Yep! With this information as a new starting point I was able to retrieve enough information to use the command line to query the PERC. And if it’s command line, we can script, and if we can script, we can monitor with Oracle Cloud Control (or any other monitoring tool).
OK, enough blabla, let’s walk through the steps required to get this thing moving.
First we need to download 2 small rpm’s to be installed on the server:
– Lib_Utils-1.00-09.noarch.rpm, which can be found here
– MegaCli-8.02.16-1.i386.rpm, which can be found on the support site of LSI. Download this zipfile which contains the RPM (and other tools for different OS’s).
- Login on your host as root and navigate to /tmp
- Install both rpm’s
[root@host tmp]# yum localinstall Lib_Utils-1.00-09.noarch.rpm –nogpgcheck [root@host tmp]# yum localinstall MegaCli-8.02.16-1.i386.rpm –nogpgcheck
- Create a softlink in /usr/sbin to the MegaCli executable using 1 of these statements
[root@host tmp]# ln /opt/MegaRAID/MegaCli/MegaCli /usr/sbin/MegaCli [root@host tmp]# ln /opt/MegaRAID/MegaCli/MegaCli64 /usr/sbin/MegaCli
- Test the functionality by executing the following command which should show the number of raid controllers in the system
[root@host tmp]# /usr/sbin/MegaCli -adpCount
- Execute the following command which will give the number of physical disks.
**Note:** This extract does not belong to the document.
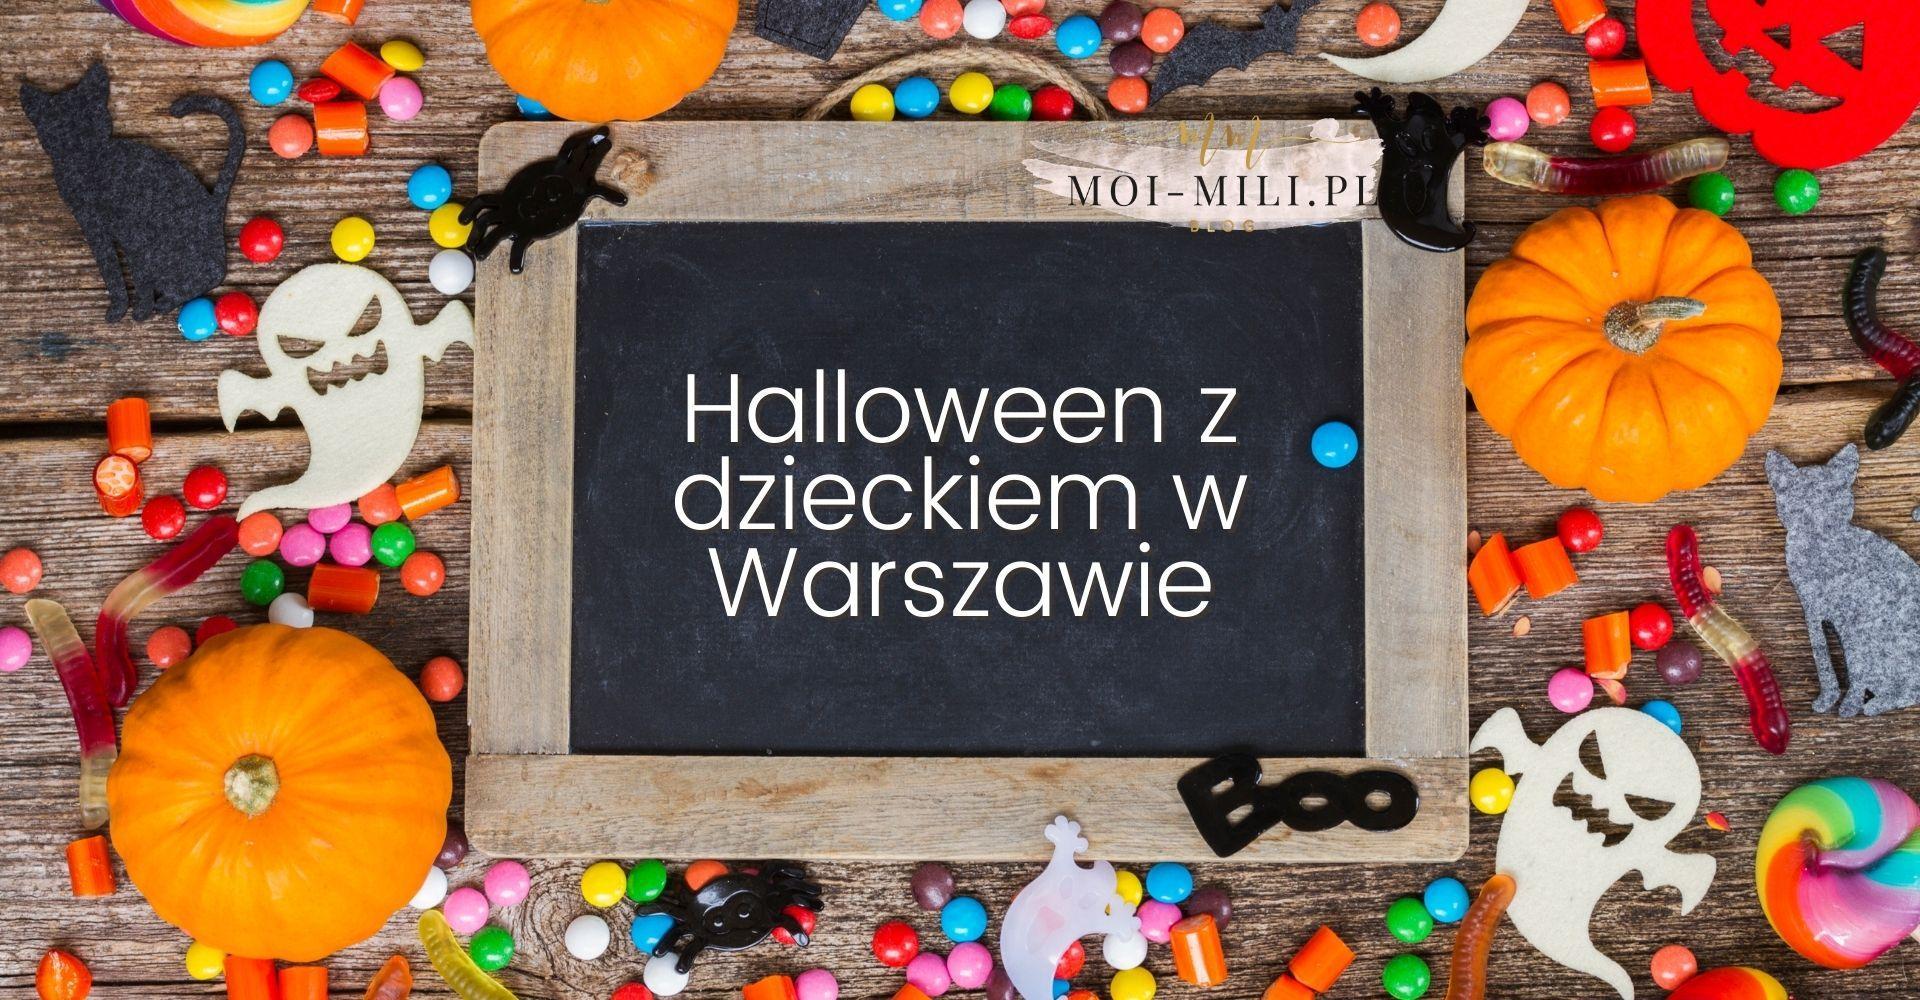 Imprezy, warsztaty i nocowanki dla dzieci z okazji Halloween

The output will be used in a later stage configuring Cloud Control
[root@host tmp]# /usr/sbin/MegaCli -PdGetNum -a0 -NoLog |grep Number
- If the command above executes without error you can execute /usr/sbin/MegaCli –h to get a log of help-information which tells about the huge load of options.
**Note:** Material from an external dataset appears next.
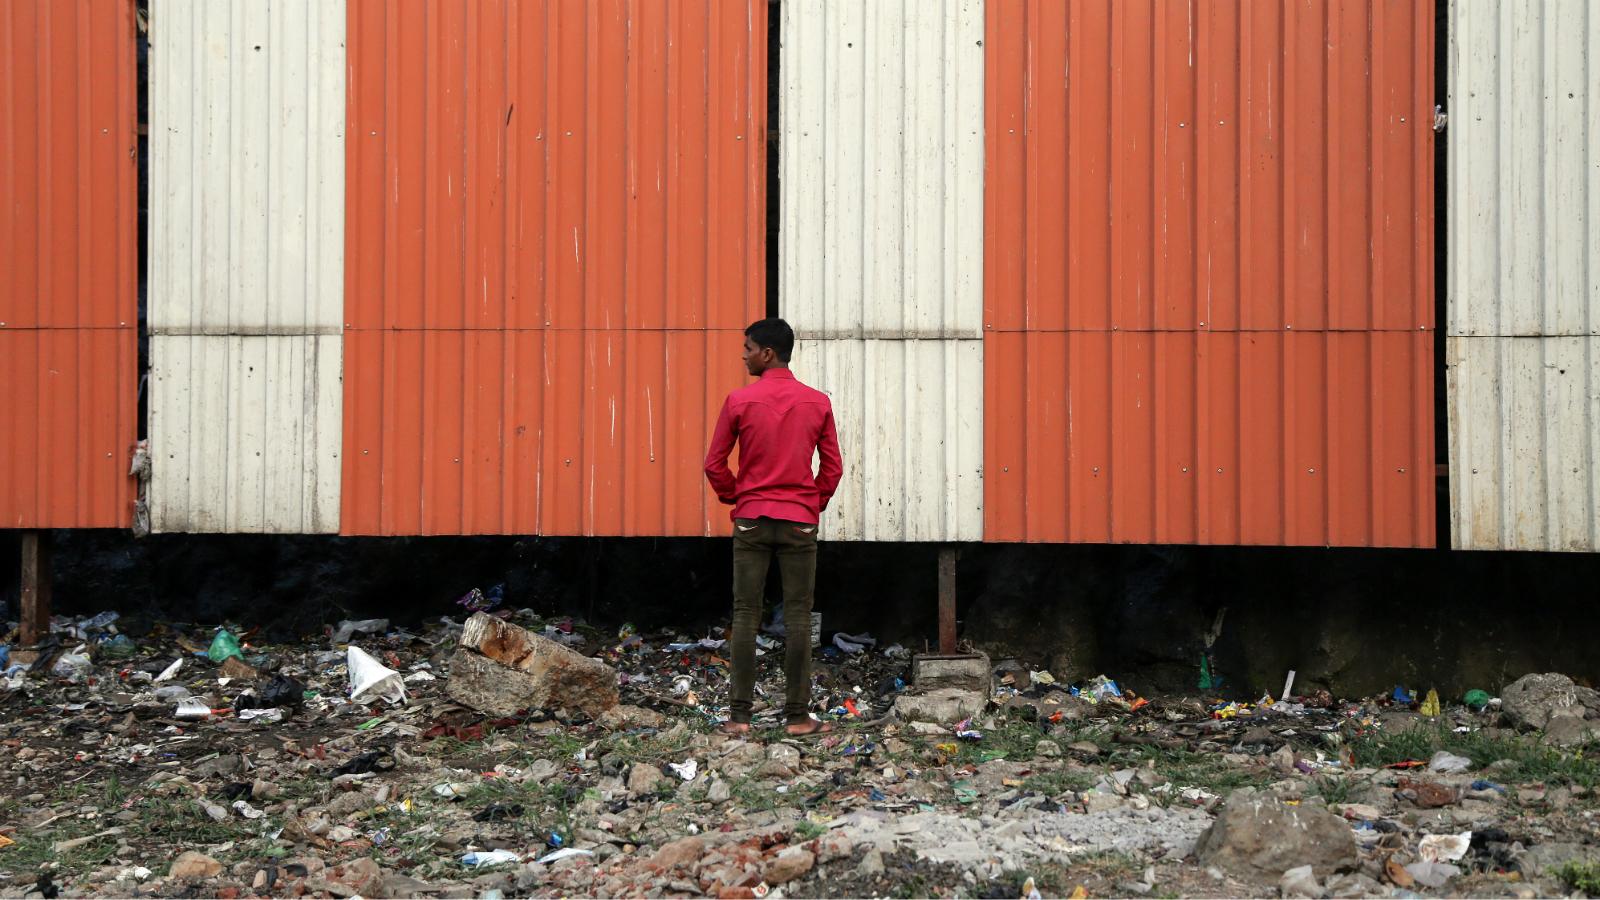 India-Toilets-Swachh Bharat-Narendra Modi

When the part above is executed successfully we can proceed with the next part: Getting Oracle Cloud Control to monitor the PERC.
At this point I assume you already have an Cloud Control agent running correctly on the specific host. If not, you have to install and configure one before you continue.
In Cloud Control 12c we have a beautiful feature called Metric Extensions.
Quote from the documentation:
Metric Extensions enhance Enterprise Manager’s monitoring capability by allowing you to create new metrics to monitor conditions specific to your environment. These Metric Extensions can be added to any target monitored by Enterprise Manager. Once developed and deployed to your targets, the metrics integrate seamlessly with the Oracle-provided metrics.
This means that almost anything you can execute on a command line interface (CLI) and gives a formatted result can be used as metric. This can be at the OS-prompt, SQL, RMAN, ODI, Dell Open Manage, Microsoft SQL etc.
The development cycle for a metric extension looks like this:
Since all commands to the PERC have to be executed as root, I decided (for simplicity) to use the Monitoring Credential facility in Cloud Control for this with the root account. You could also setup to use sudo and a specific useraccount, but that is beyond the scope of this blogpost.
In the next steps we will create a metric which will alert us when the number of available disks changes (i.e. a disk fails or is removed). Based on this example you should be able to create your own variants depending on the requirements.
- Log in in Cloud Control
- Navigate to <Setup><Security><Monitoring Credentials>
- Select the <Host> target type and click on <Manage Monitoring Credentials>.
Next you will see a list of all hosts in Cloud Control with 3 Credential Sets. We will use the set called “Host Credentials For Real-time Configuration Change Monitoring”.
- Select the required line (hostname-credentialset) and click <Set Credentials>.
- Fill in the username (root) and the corresponding password.
- Click on<Test and Save> to store the password.
When the security has been setup, we can start creating the Metric extension.
- Navigate to <Enterprise><Monitoring><Metric Extensions>.
- Click on <Actions><Create> to start the wizard which will assist you in creating the Metric extension.
On the first screen we set the general setting regarding this metric.
- Select the Target Type <Host>
- Give the Metric extension a name, I used ME$Raid_PD_Count
- Give the metric a usefull Display name, i.e. Raid Physical Disk count
- Set the adaptertype to “OS Command – Multiple Columns”
- Add a description if desired and leave the Collection schedule on default settings
- Click <Next> to proceed to the Adapter screen
The adapter screen defines how a specific query is executed A proper description of the options is on the right side of the screen.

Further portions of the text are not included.